Task to complete: Please repeat each line below exactly, with no images in the copy.

Data block:
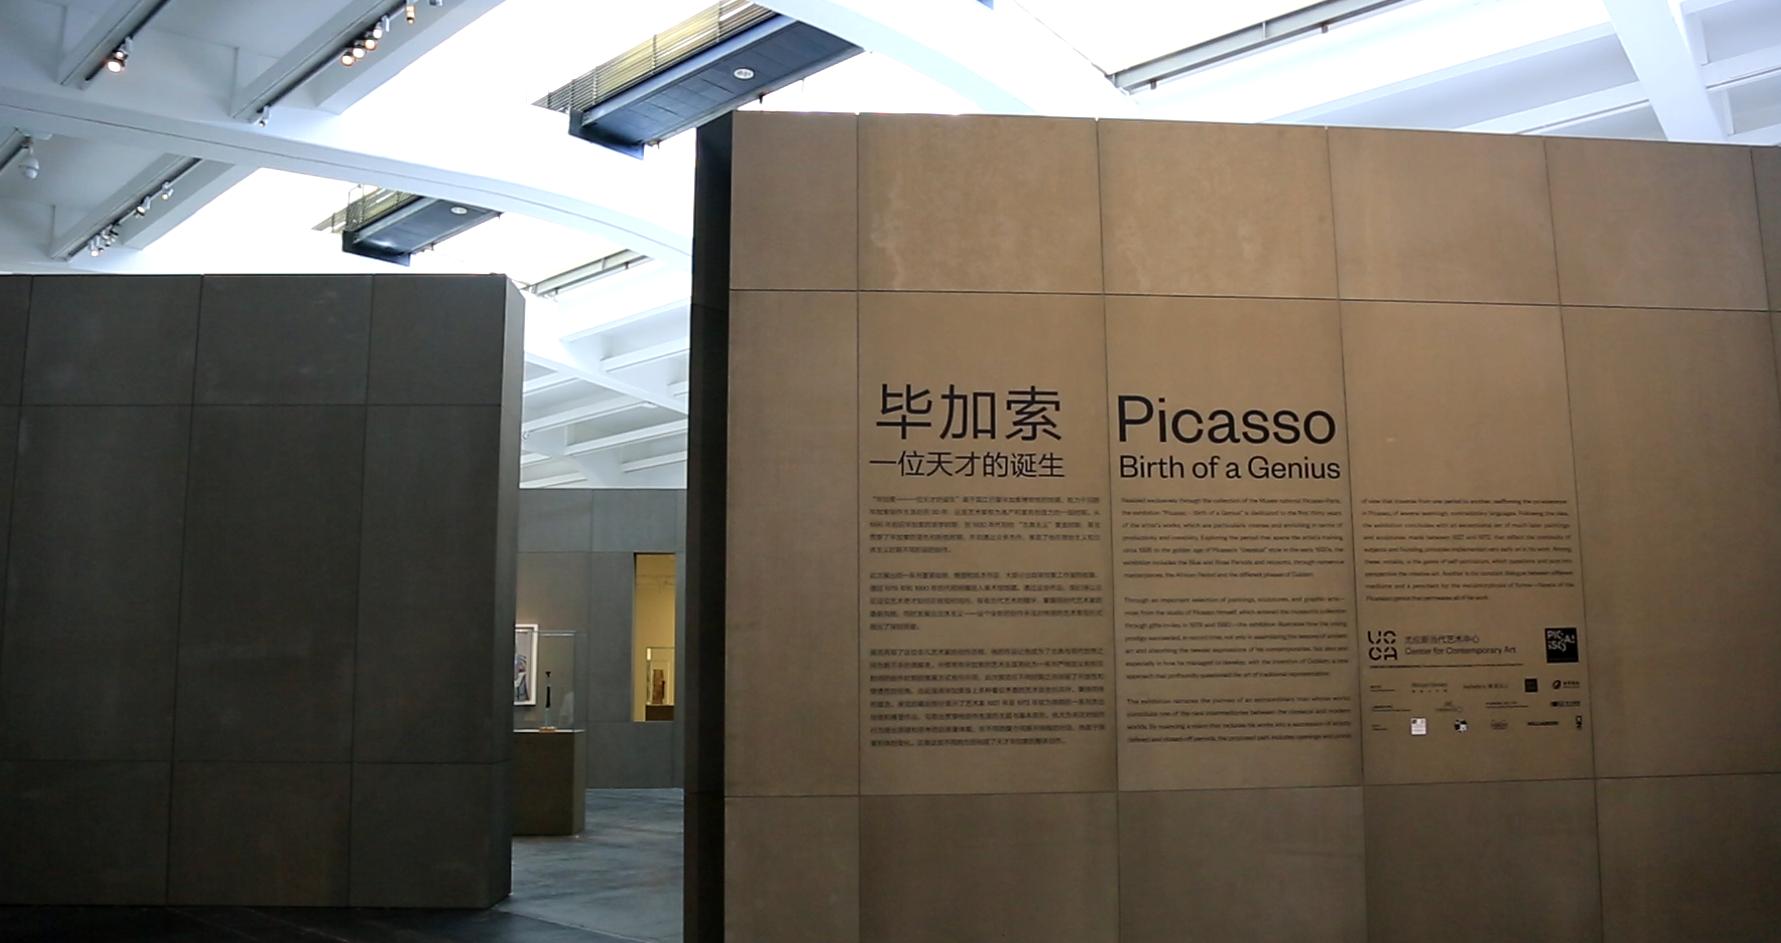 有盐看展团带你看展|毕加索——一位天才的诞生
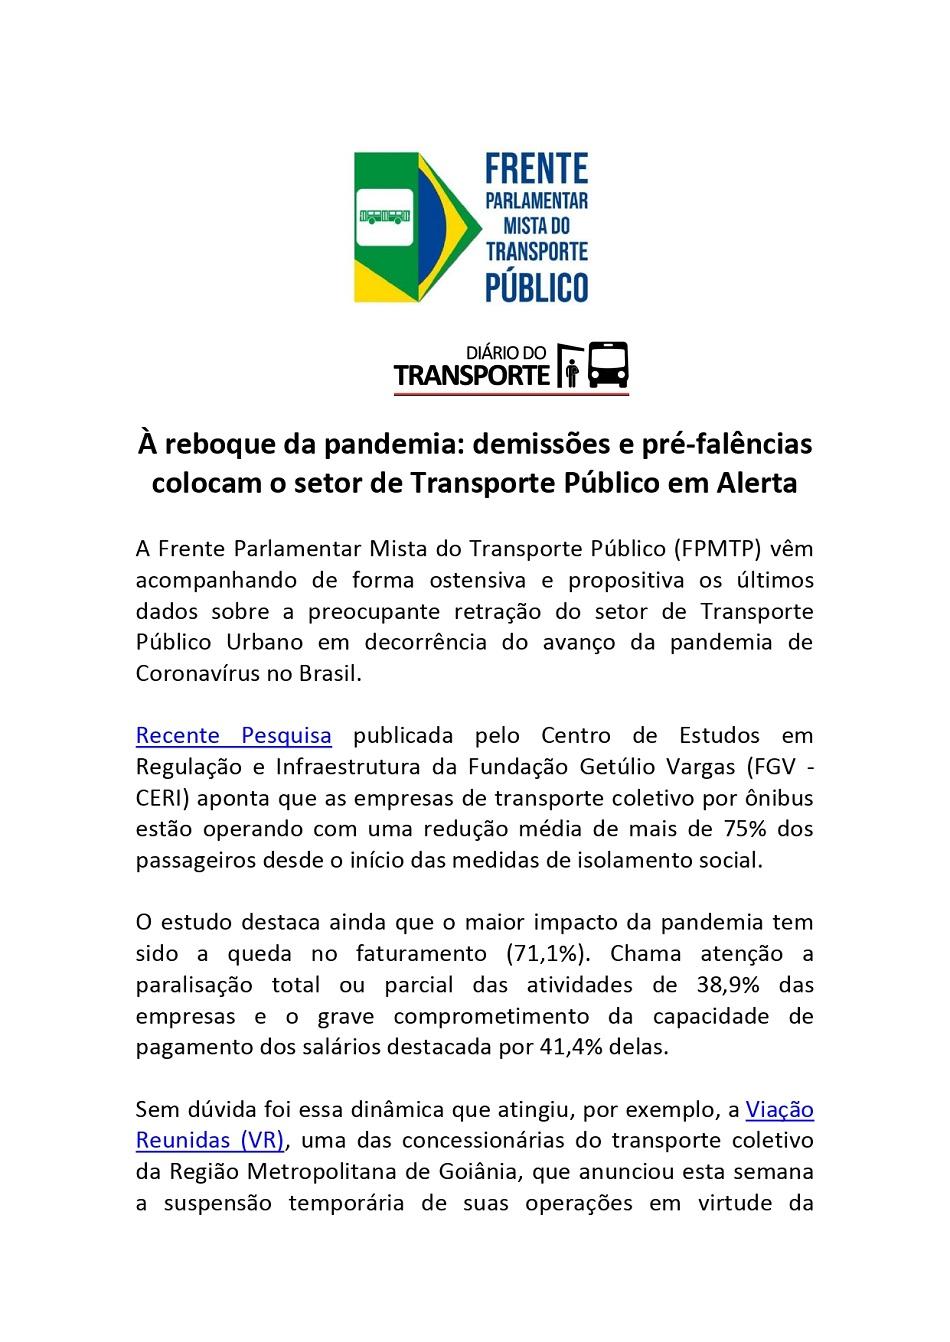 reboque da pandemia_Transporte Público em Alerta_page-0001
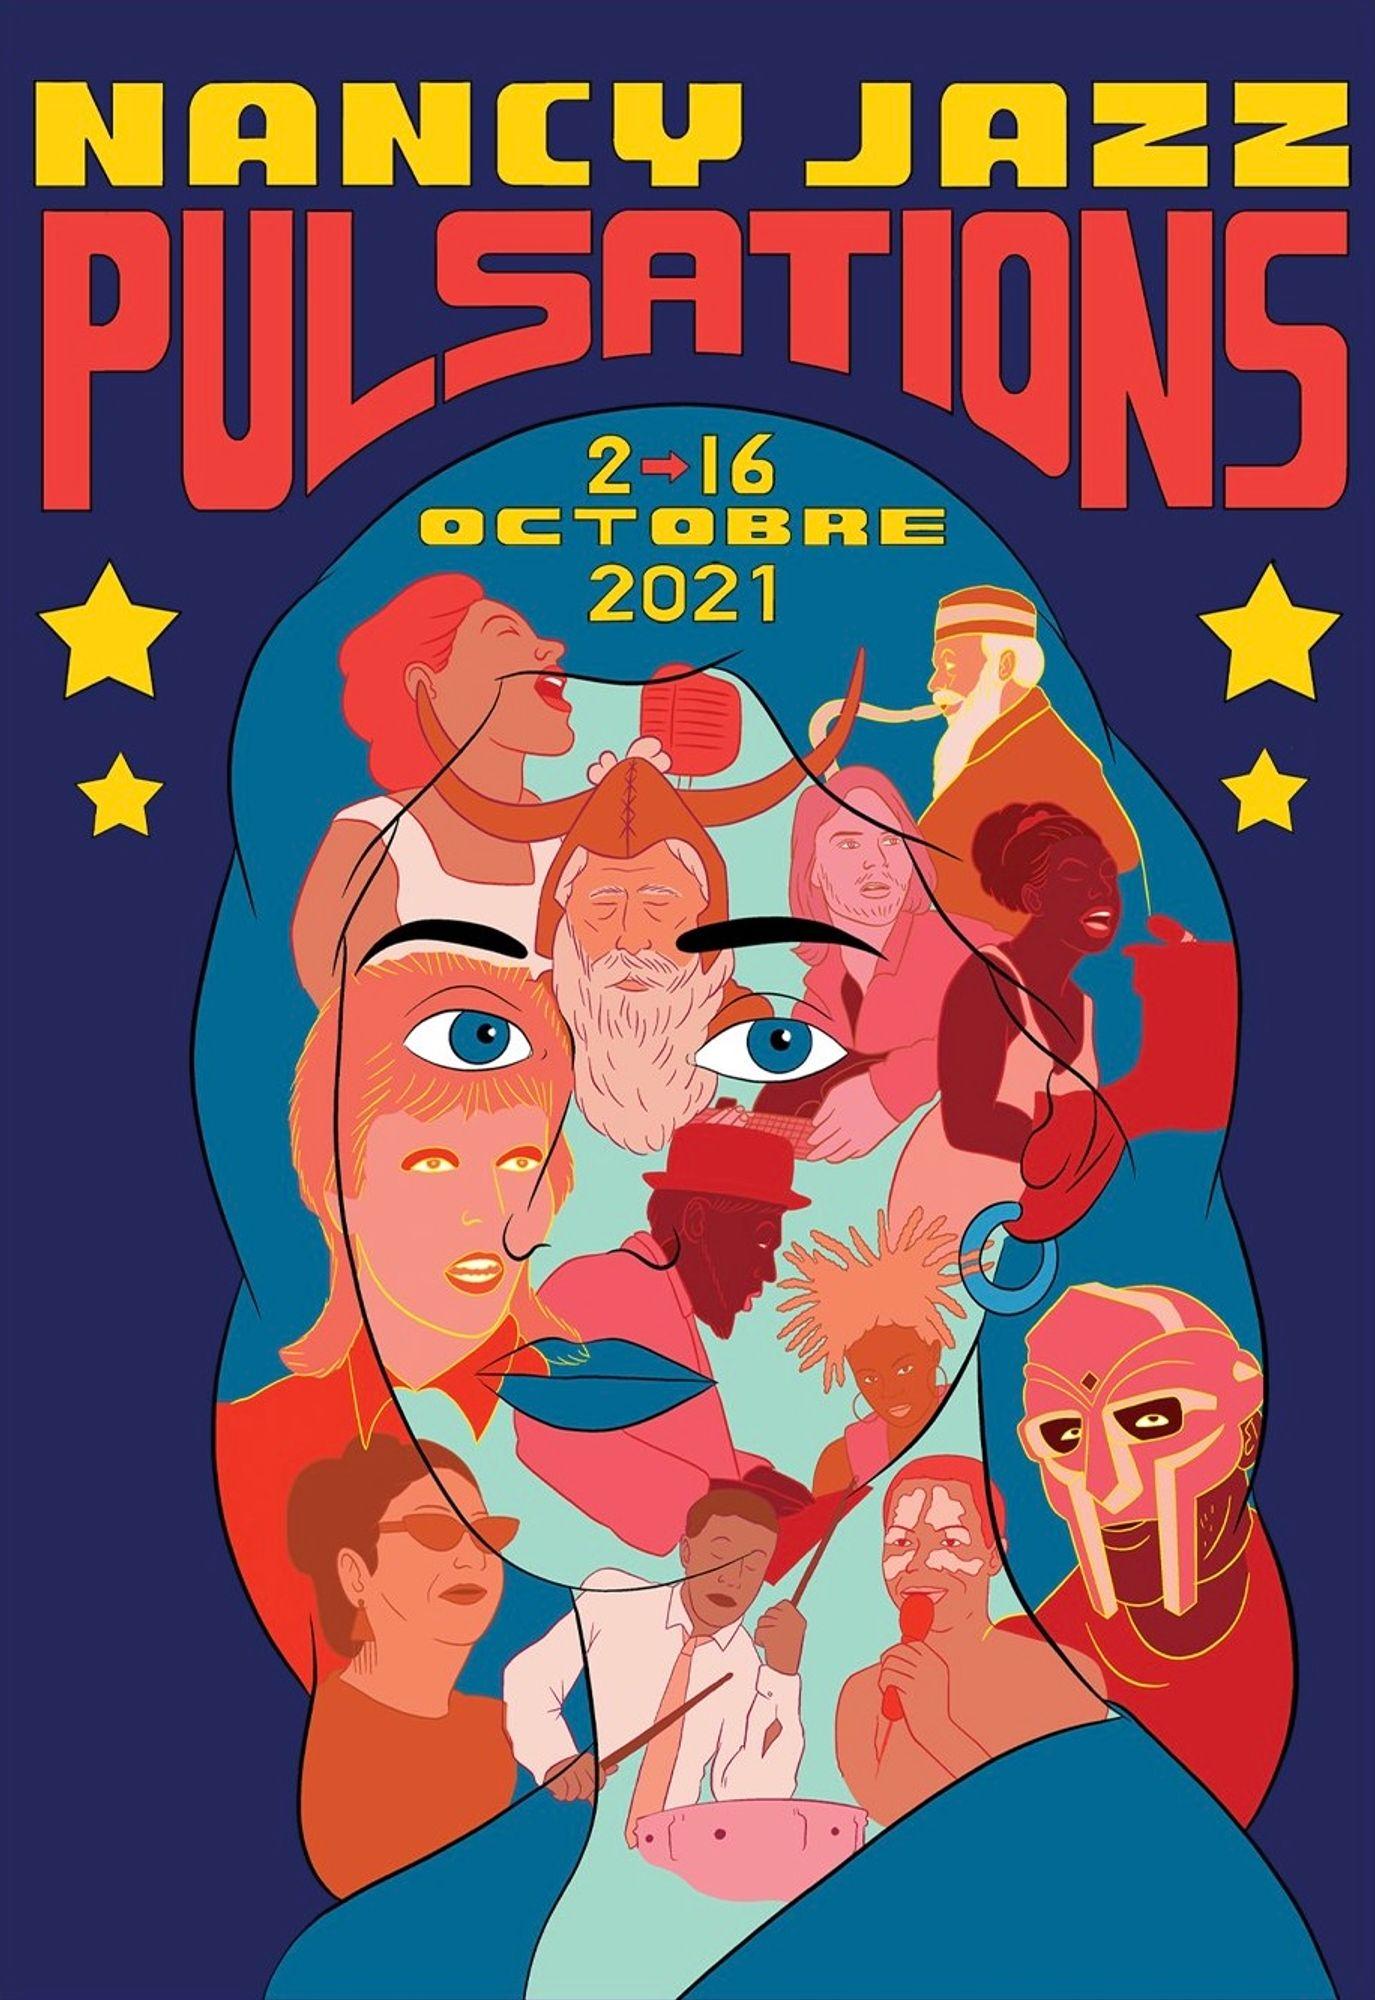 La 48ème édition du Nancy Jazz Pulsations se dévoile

Written response:
 有盐看展团带你看展|毕加索——一位天才的诞生
 reboque da pandemia_Transporte Público em Alerta_page-0001
 La 48ème édition du Nancy Jazz Pulsations se dévoile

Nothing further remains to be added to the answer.